▶ [GIVEN INFORMATION]
=== Section Start ===

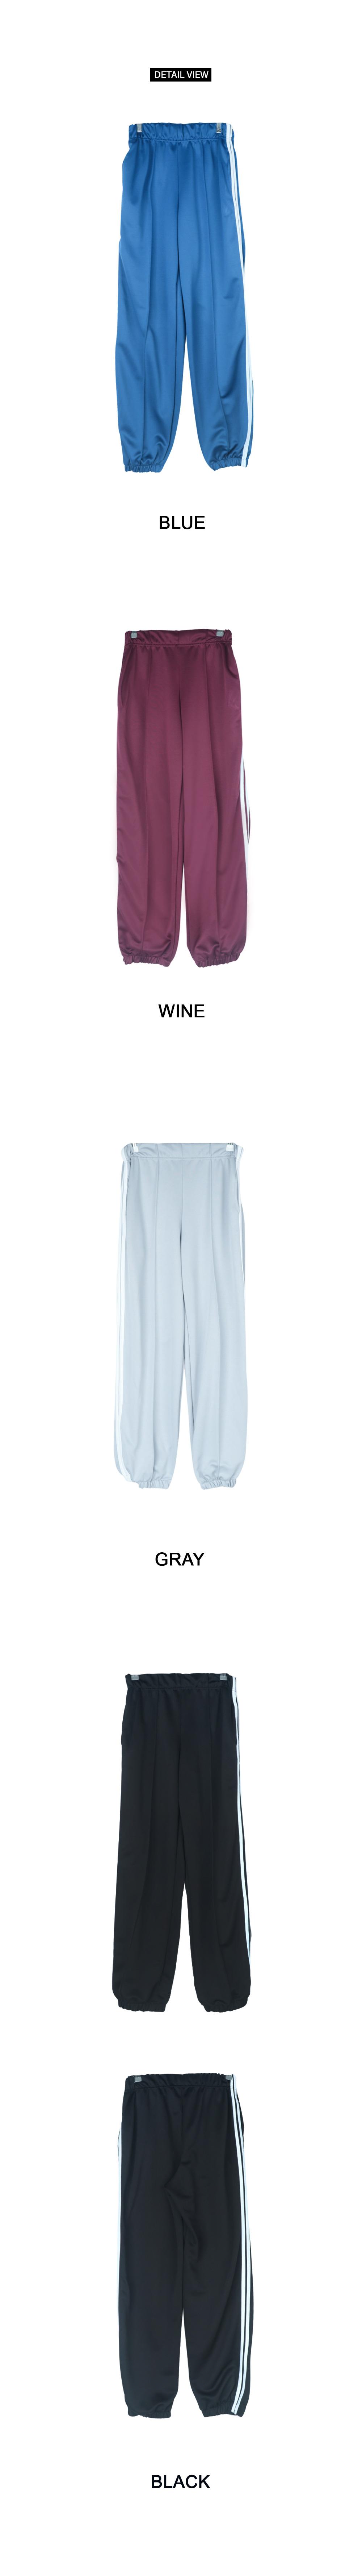 Regular Line Jogger Pants
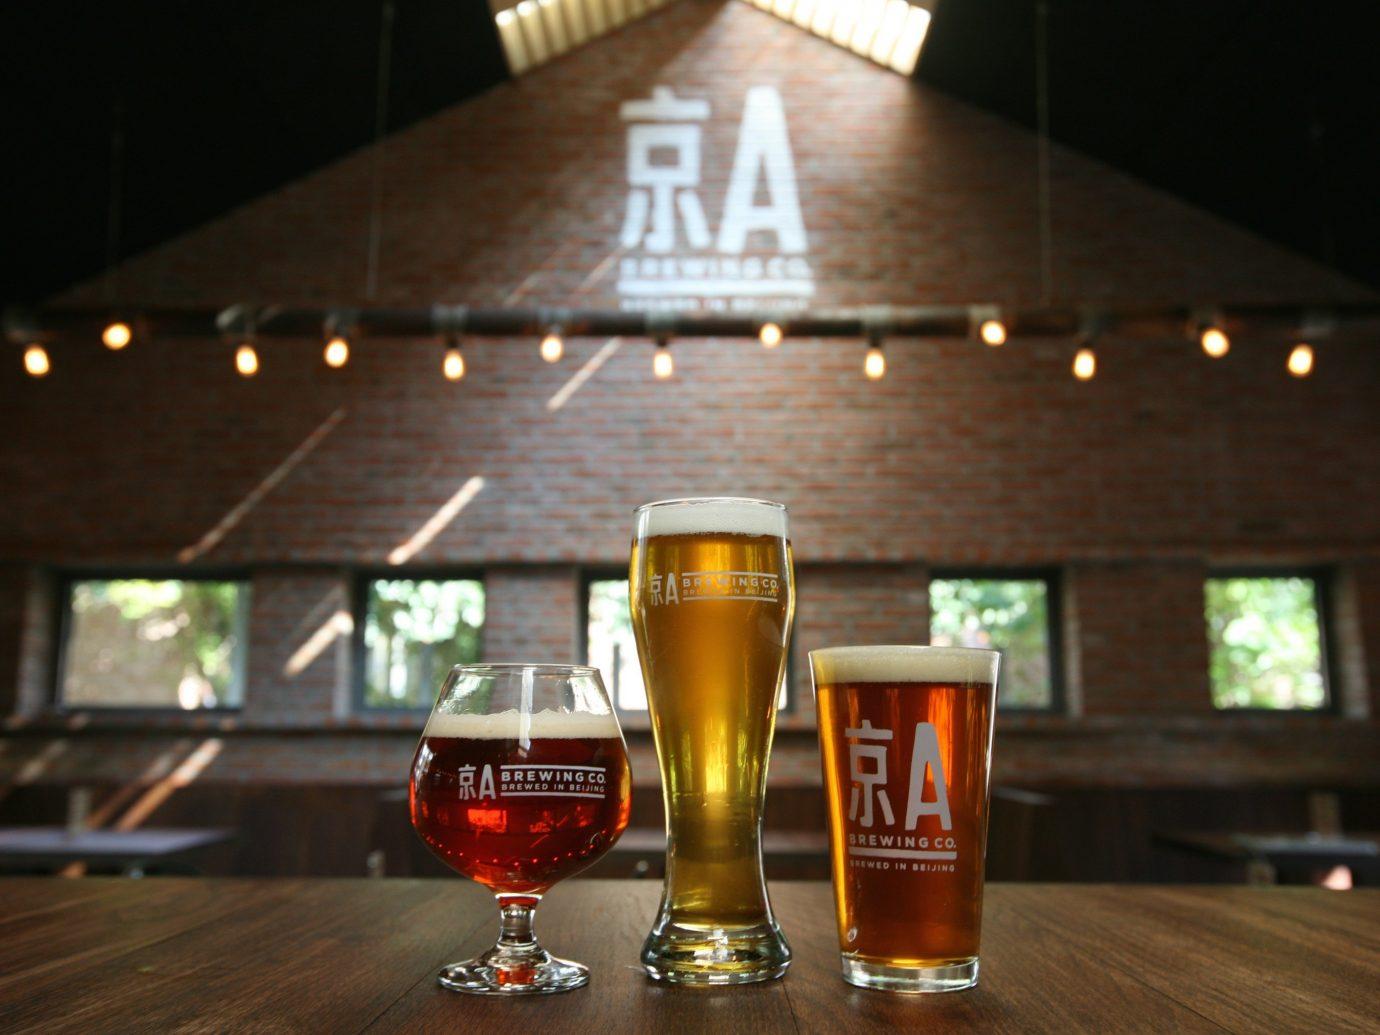 Trip Ideas table indoor Drink alcoholic beverage Bar distilled beverage restaurant beer glass
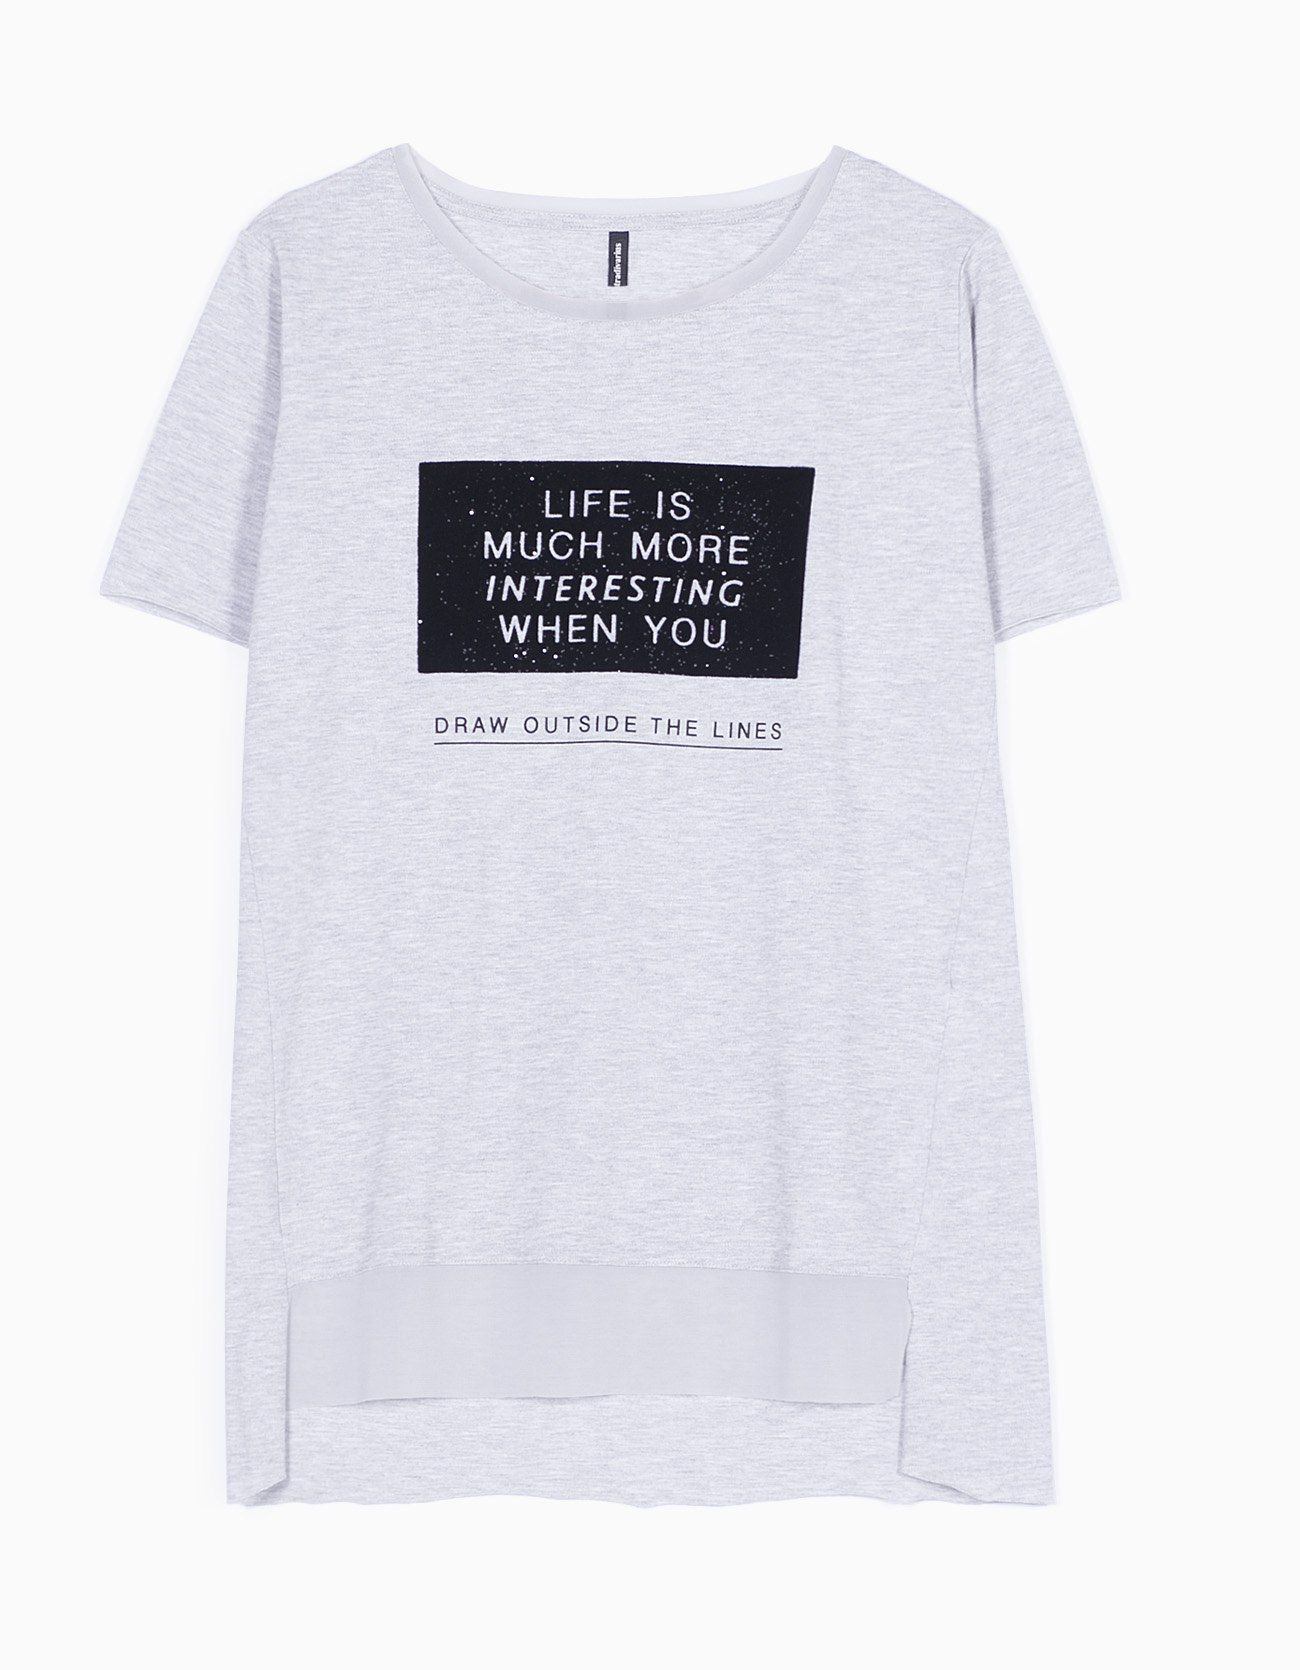 Camiseta piqué con textos - CAMISETAS - MUJER | Stradivarius España
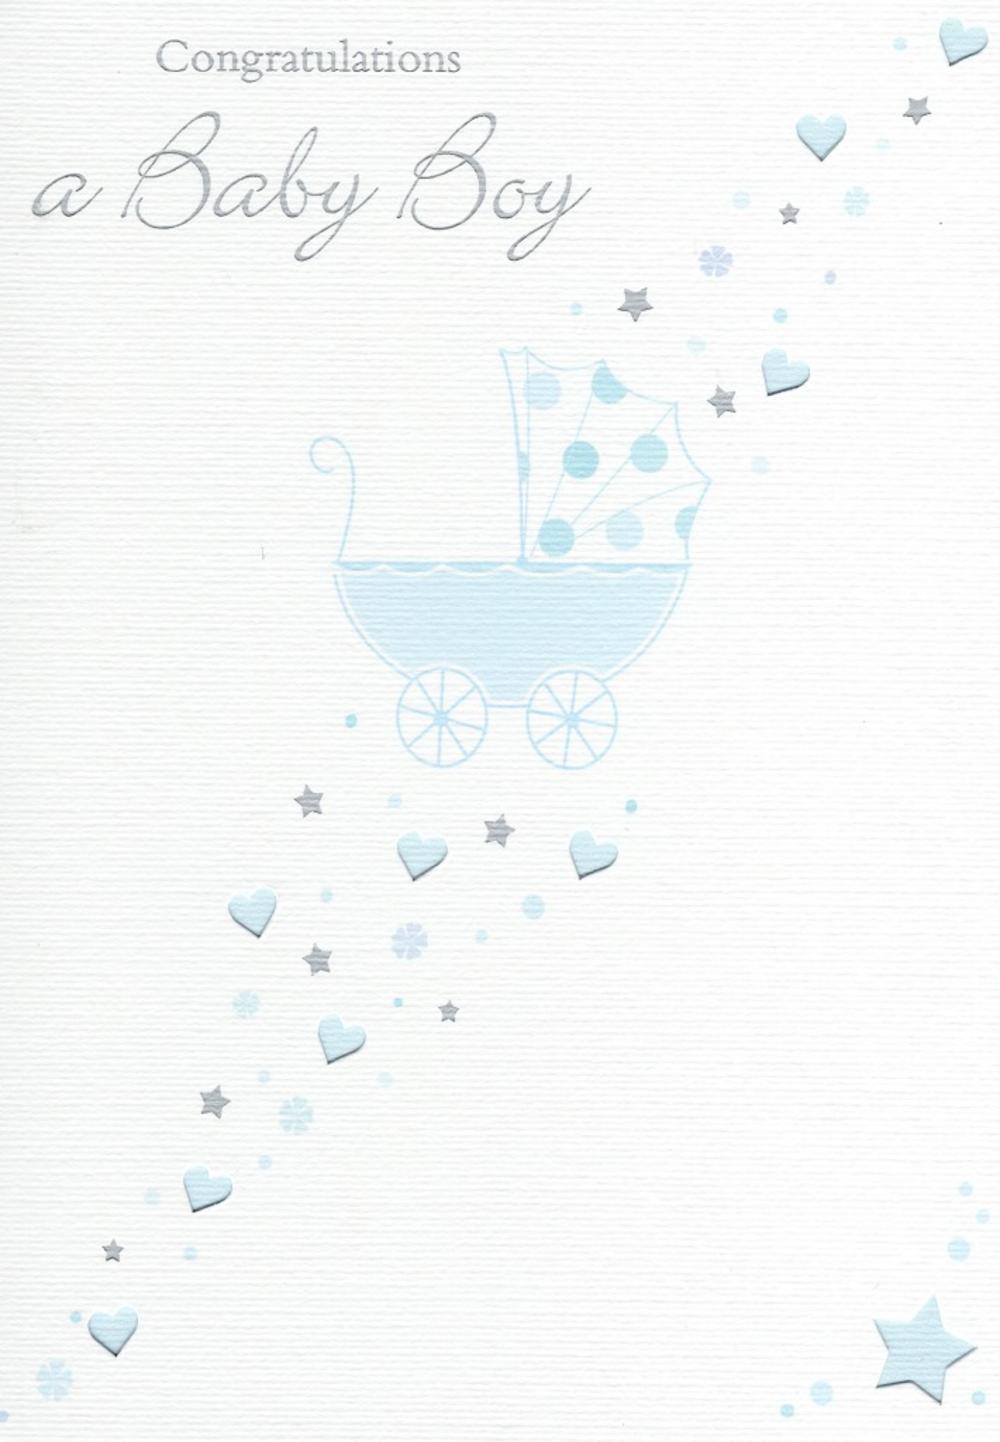 Congratulations A Baby Boy Greeting Card

=== Section End ===

▶ [WHAT IS EXPECTED]
All pictures should be dropped; the lines from the one containing "Camiseta piqué con" through the last line of the material are to be set down exactly.

▶ [WRITTEN SOLUTION]
 Camiseta piqué con textos - CAMISETAS - MUJER | Stradivarius España
 Congratulations A Baby Boy Greeting Card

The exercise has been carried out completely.